China faces unprecedented aging challenges, with its population aged 60 + projected to exceed 310 million by 2024. To address this, China integrated “healthy aging” into national strategies like the Healthy China 2030 initiative. However, a systematic analysis of policy themes and research hot-spots was lacking. This study aims to fill this gap by examining China’s healthy aging policies and academic focus areas from 2016 to 2025.

Objective

To identify core thematic characteristics of China’s healthy aging policies and research hot-spots using topic modeling and content analysis, revealing national priorities and informing global aging governance.

Methods

This study employed a mixed-methods approach to analyze China’s healthy aging policies and research trends. First, 14 national policy documents (2016–2025) were collected from official Chinese government portals, while 101 research papers were systematically retrieved and screened from four major Chinese academic databases. Policy texts underwent latent Dirichlet allocation (LDA) topic modeling using Python 3.11.8: after custom dictionary optimization and TF-IDF-weighted (term frequency-inverse document frequency) stop-word filtering, grid search identified the optimal topic count (K = 4) via perplexity-coherence metrics, followed by 50 iterations for model convergence.

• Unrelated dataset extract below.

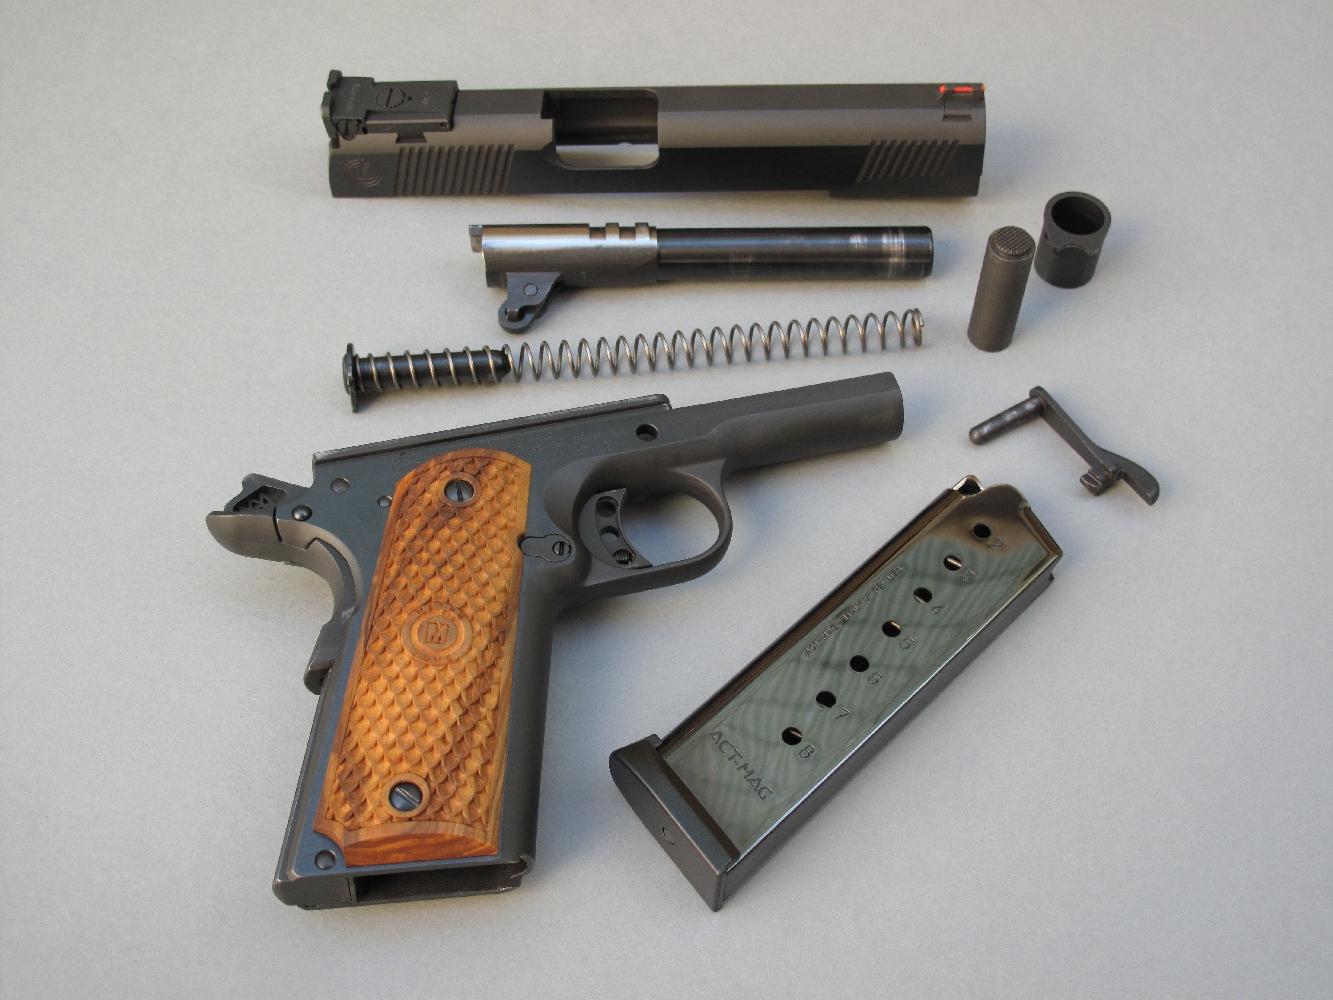 Le démontage sommaire, strictement conforme à celui du Colt 1911 A1, ne présente aucune difficulté et peut être aisément effectué sans outil.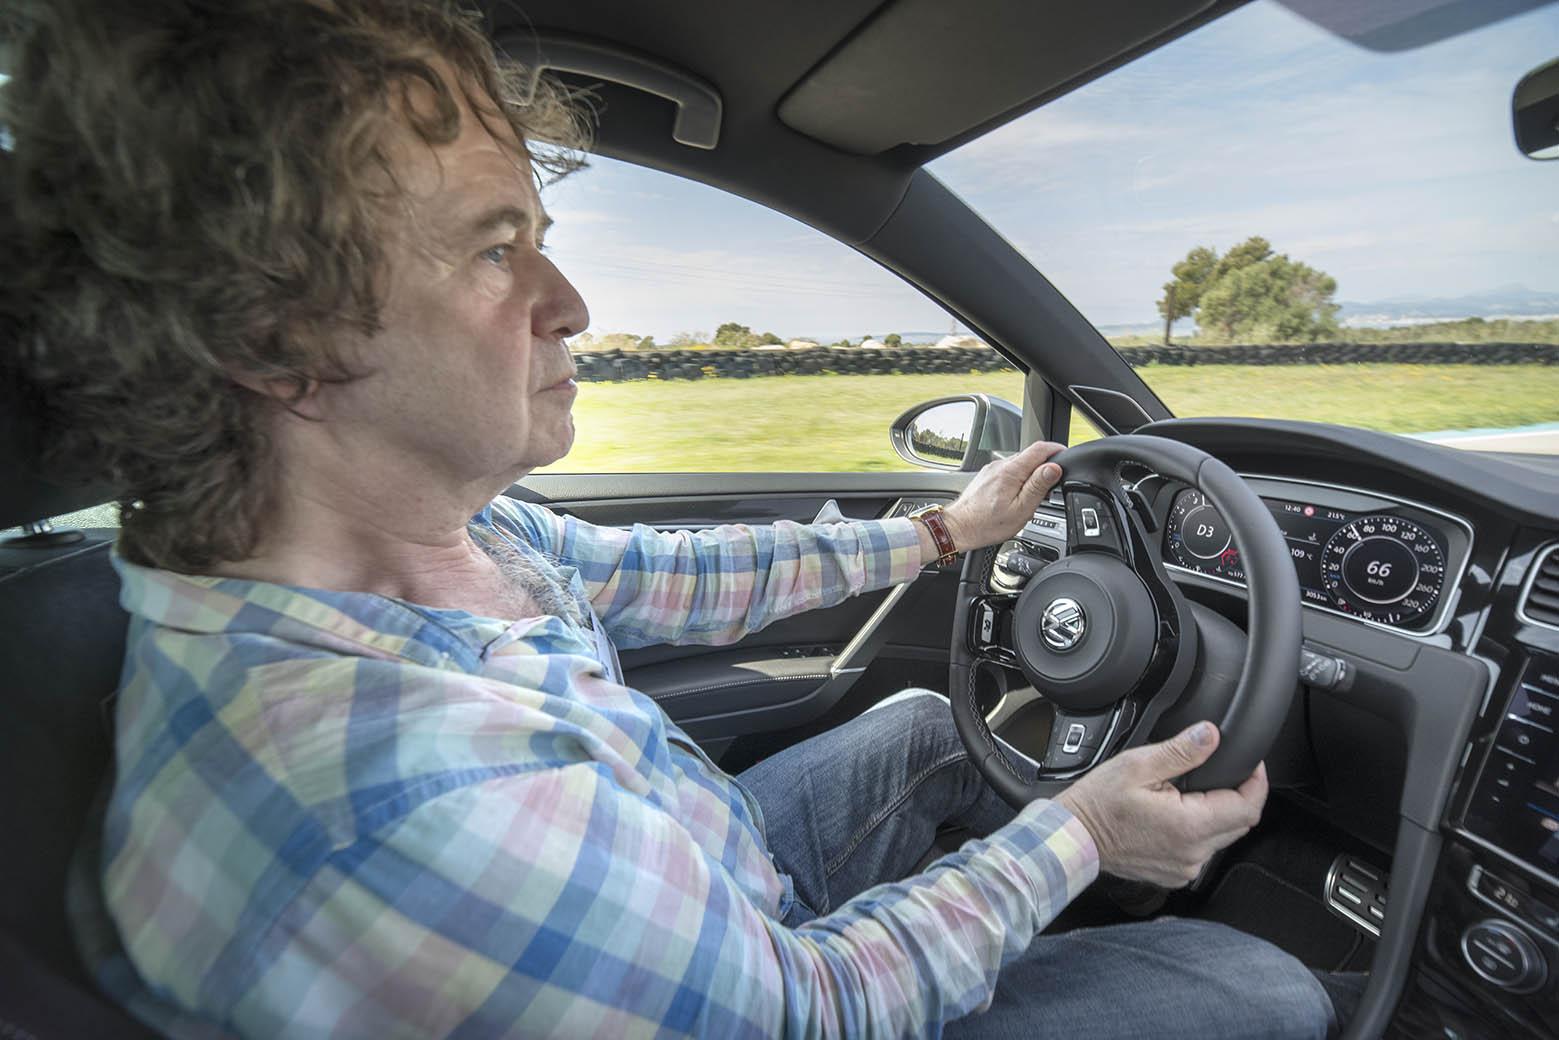 Det är med händerna på ratten man känner skillnaden i en Golf R. Bilen är fyrhjulsdriven och har ett chassi som pallar hårdkörning.

Simultaneously, research papers were analyzed through content analysis on the DiVoMiner® platform, using a predefined coding framework (4 primary themes, 15 sub-dimensions). Coding reliability was ensured via Holsti’s coefficient (0.93) derived from dual human-AI coder consensus.

Results

The LDA model revealed four core policy themes: Topic 0 (Comprehensive Health Service System and Elderly Health Monitoring, 11.4% strength), Topic 1 (Whole-Life-Cycle Health Management and Chronic Disease Prevention, 25.7%), Topic 2 (Development of Age-Friendly Industries and Public Services in Urban-Rural Contexts, 46.3%, highest strength), and Topic 3 (Innovative Models for Integrated Medical and Elderly Care and Elderly Health Services, 16.6%). Temporal analysis showed policy evolution from single-topic dominance (2016: Topic 0 at 99.9%) to multi-topic integration. Content analysis of research papers identified divergent hot spots: “Health Promotion Strategies” (102 occurrences, 33.3% focused on community support) and “Policy Support” (83 occurrences, 74.7% national-level) dominated the literature, whereas “Health Management Technologies” were significantly underrepresented (15 occurrences, 66.7% categorized as “other” uncategorized tech). Critical gaps included minimal focus on family support (1.2%) and underutilized technologies.

Conclusions

China’s healthy aging framework combines strategic governance, cultural resources, and socioeconomic integration. Strengths include tiered interventions for diverse needs and urban-rural synergy, though rural health equity and technology adoption require optimization. Future research should prioritize longitudinal policy evaluations, cross-nation comparisons, especially with developing economies, and participatory elderly-centered designs. China’s model offers a cost-effective paradigm for global aging societies.